We all seem to have some cross to bear.
A young friend of mine was told by her charming husband that he wanted out of the marriage.
They are in the middle of the hussle about mortgages and will no doubt loose the house.
He is fed up being poor so , I am guessing, he thinks that leaving his wife and 2 children is
going to be the answer.
The poor girl , in her thirties, is beside herself.
She does not know how she can afford to live with her 2 teen age girls with the small salary
she earns.
As I was falling asleep I was thinking about her.
I saw the big tears rolling down her cheeks and nothing much I could say but hug her.
I sent her to the place of abused women.
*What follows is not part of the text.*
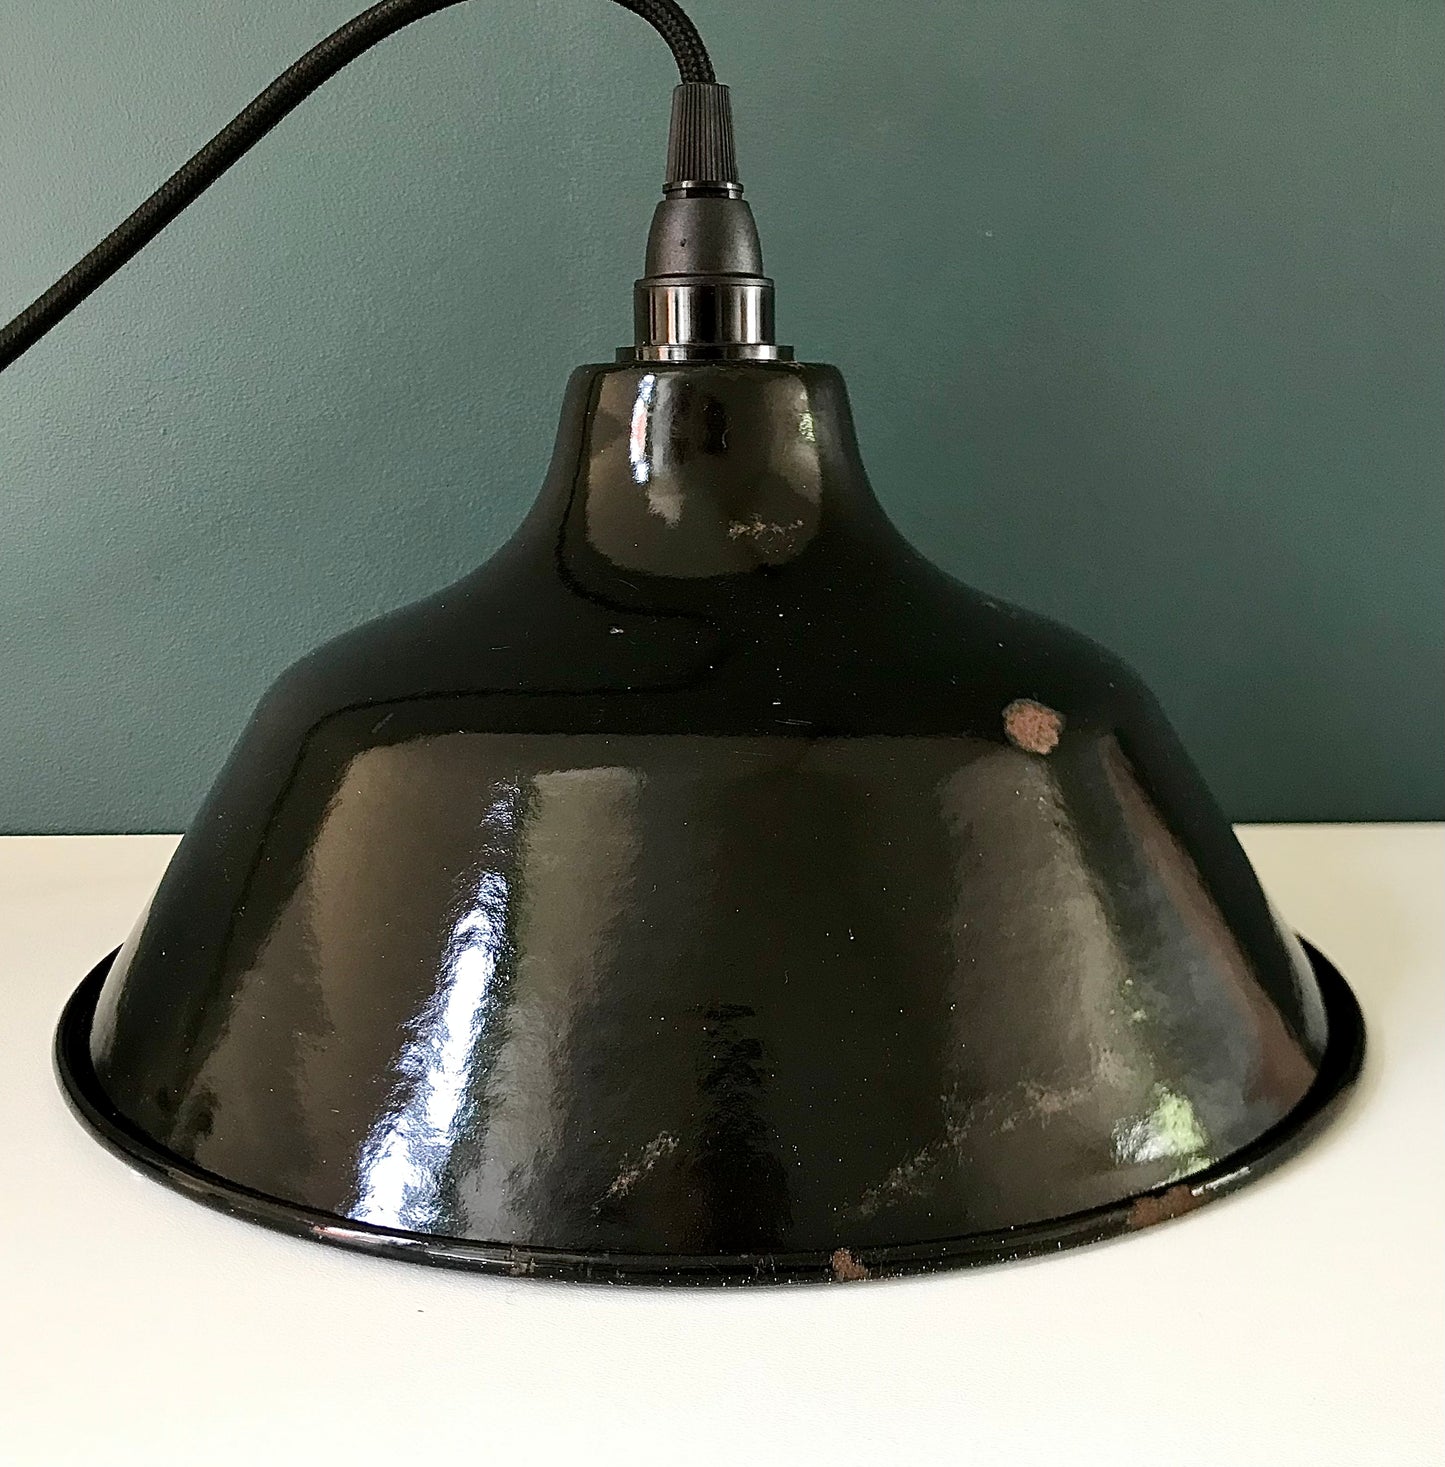 Vintage Danish Black Enamel Pendant Workshop Ceiling Lamp Industrial Design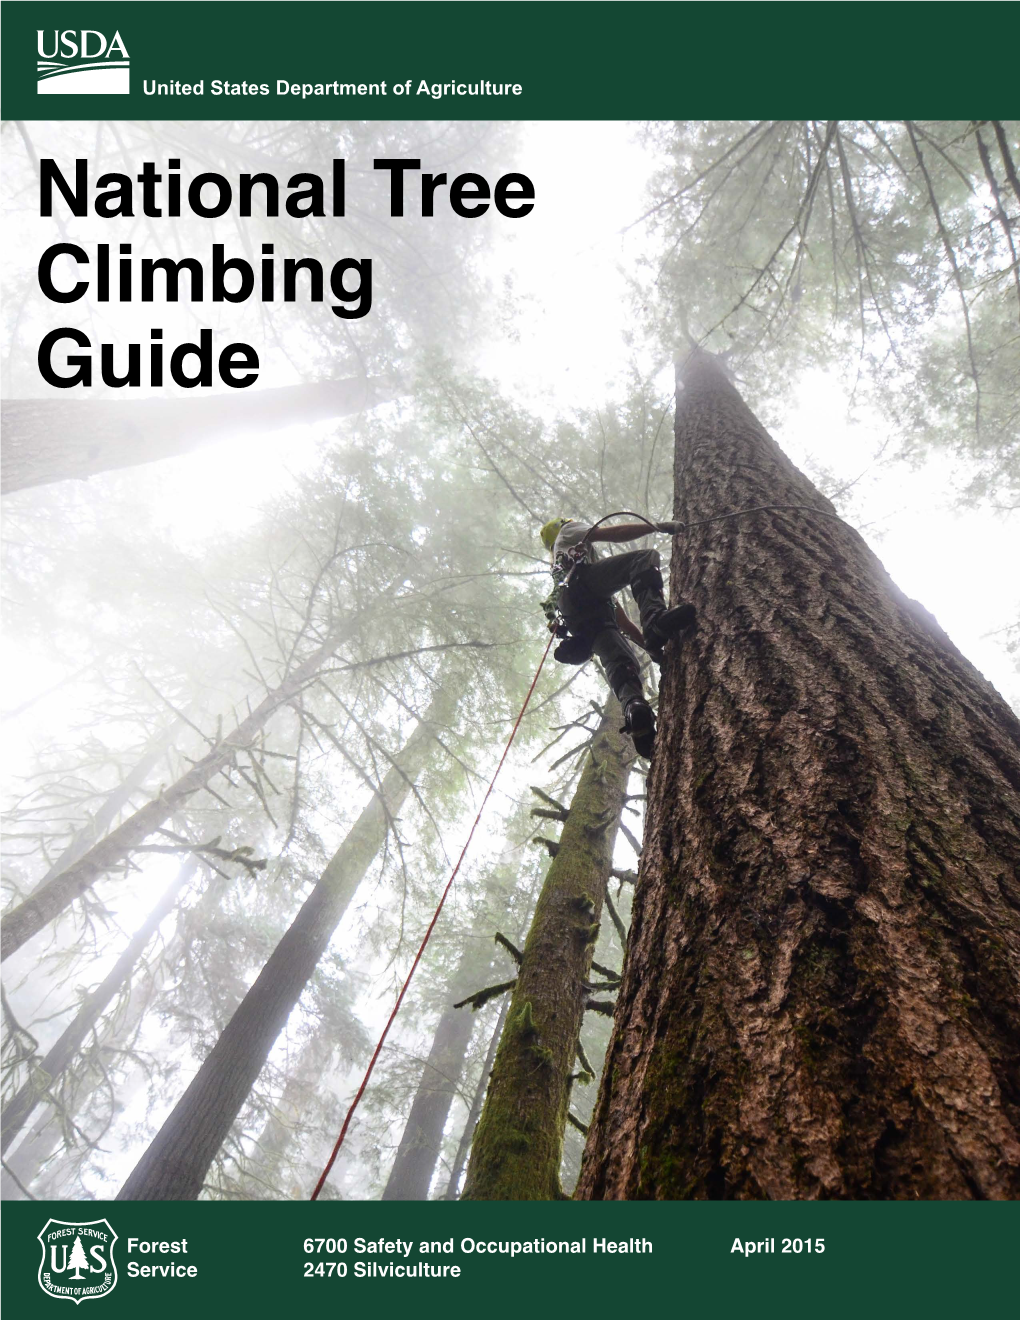 National Tree Climbing Guide

They have ways to find lodging and stuff like that
to start over again (I hope).
My troubles seemed so small next to hers.
I looked at my husband who was just snoring and talking to himself in between the noise.
I was wondering what he must be dreaming/
Does the memory come back in your dreams?
Our lives are almost over but that girl is starting a shaky road.
But .....another thought came to me and that was a photo of myself
age 36 , alone with 2 girls, ages 8 and 10.
Had not worked in ages, I had insisted on being an at home Mom.
Did I make it?
I sure did and I did so much better when that life was behind me
and I started anew.
So I started to think about my friend and saw her smiling in her future surroundings.
She will be fine.
We all have a crooked road now and then.
Eventually it becomes straight.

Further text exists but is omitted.